Thing is, the houses here are fucked. They're not built to suit the climate. There are McHouses with paper thin walls, houses with no insulation, houses with the sun blaring in huge windows.

No one is equipped to deal with extreme temperature changes. No one demands when they buy a house that it's energy efficiant. We all rely on electricity far more than we need to.

I wish people would quit bitching and try to work on ways to reduce the need for air-conditioners.



I thought I'd left the bushfires behind in Oldtown, exchanged them for cyclones. Not so. The last few days, I've looked outside at a sky grey with smoke drifting off the hills. The bushfires come in winter here, when the hills are brown and dry.

We still see houses that exist only with the help of airconditioners. The older ones are bad, but the new ones - you simply couldn't live in them during summer without air-con. But I've hardly noticed any blackouts - not like the regular ones in Oldtown. The energy use is consistently high here, it doesn't peak and trough so much.

When we came here I was expecting the houses to be all wooden, with verandas around all four sides to keep the sun out. Well, the majority are wooden. But very few seem to know what a veranda is. And this town is growing fast - and all the new houses are McHouses, concrete boxes facing the sun with no eaves, no way of keeping cool.

The weather here at the moment is perfect. But the shops and public buildings keep the air-con blasting like a fridge. I have to remember to take a jumper with me when I go to the supermarket - the only time one would need a jumper up here. Why keep it so cold inside you get goose bumps? It doesn't make sense.

I just don't understand why no one cares. Surely, even if you don't care about the environment, it would make economic sense to be energy efficient.

3 comments:

Stinkypaw said...

I'm always amaze at how we (all over the world) don't give a rat's ass about energy conservation! Yes here we build houses with winter in mind, we don't really have a choice, but still, I find it fascinating to see some new houses with windows all around... talk about a waste of energy, and yet... I'm always cold no matter the season, and I have goosebumps just thinking that we are about to enter our cold season really soon... yuck!
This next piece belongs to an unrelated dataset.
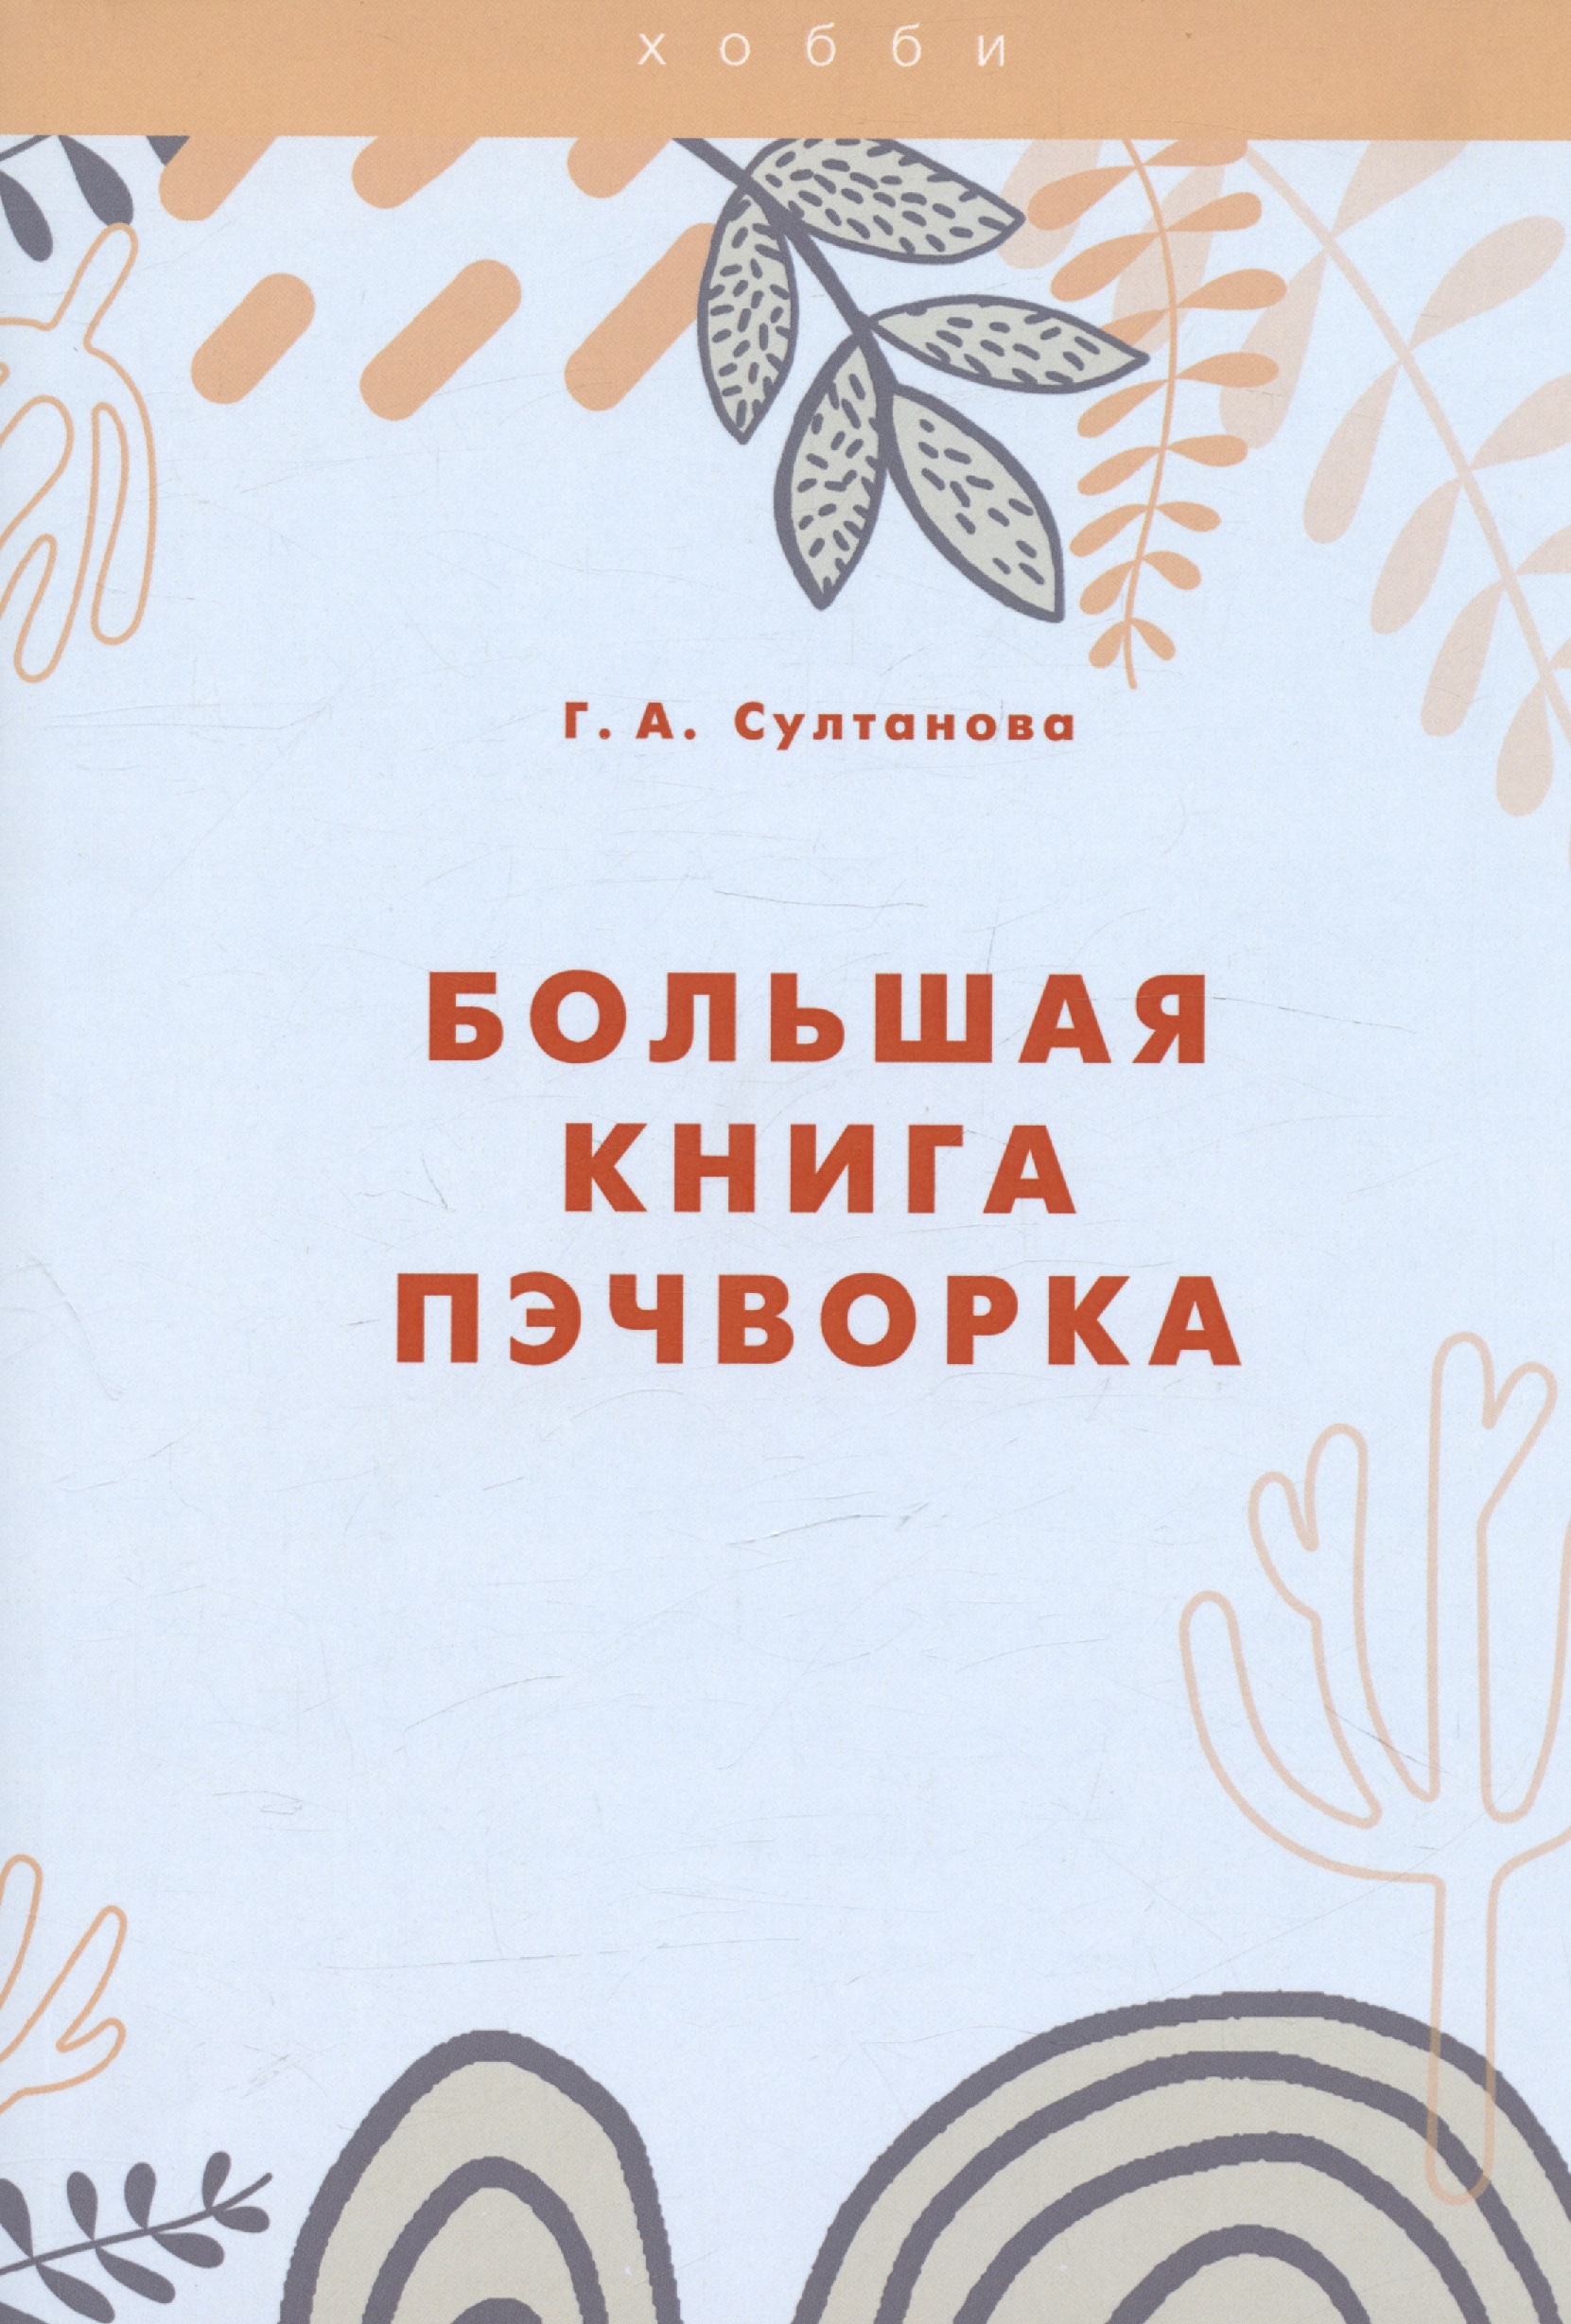 Султанова Г. А. Большая книга пэчворка пэчворк изделия и одежда из лоскутков

I hope the bushfires are not that close to you and I'm not sure I'd exchange them for cyclones? Really? Never experienced neither so...

Maegen said...

While our homes in America aren't so energy efficient, I'm astonished by the houses here. When my mom was here, she couldn't tell the difference btn a house falling apart and a house being built. They do look a lot alike.

Here, homes are thrown together with cinderblock. Some of the nicer places in my region get a very thing layer of insulation on the outside, but mostly they just lather on some concrete and paint! It's actually great for the summer, letting in very little heat. But the winters are awful. All the heat goes right out.

Bulgaria's heating situtation doesn't cause as much of an energy problem as it does environmental. Most homes here are heated with coal furnaces or wood burning stoves. It's awful when you live in a valley!

hasarder said...

I know what you mean about wood fires in a valley, Maegen. It was like that where I grew up. You couldn't tell the smoke from the fog!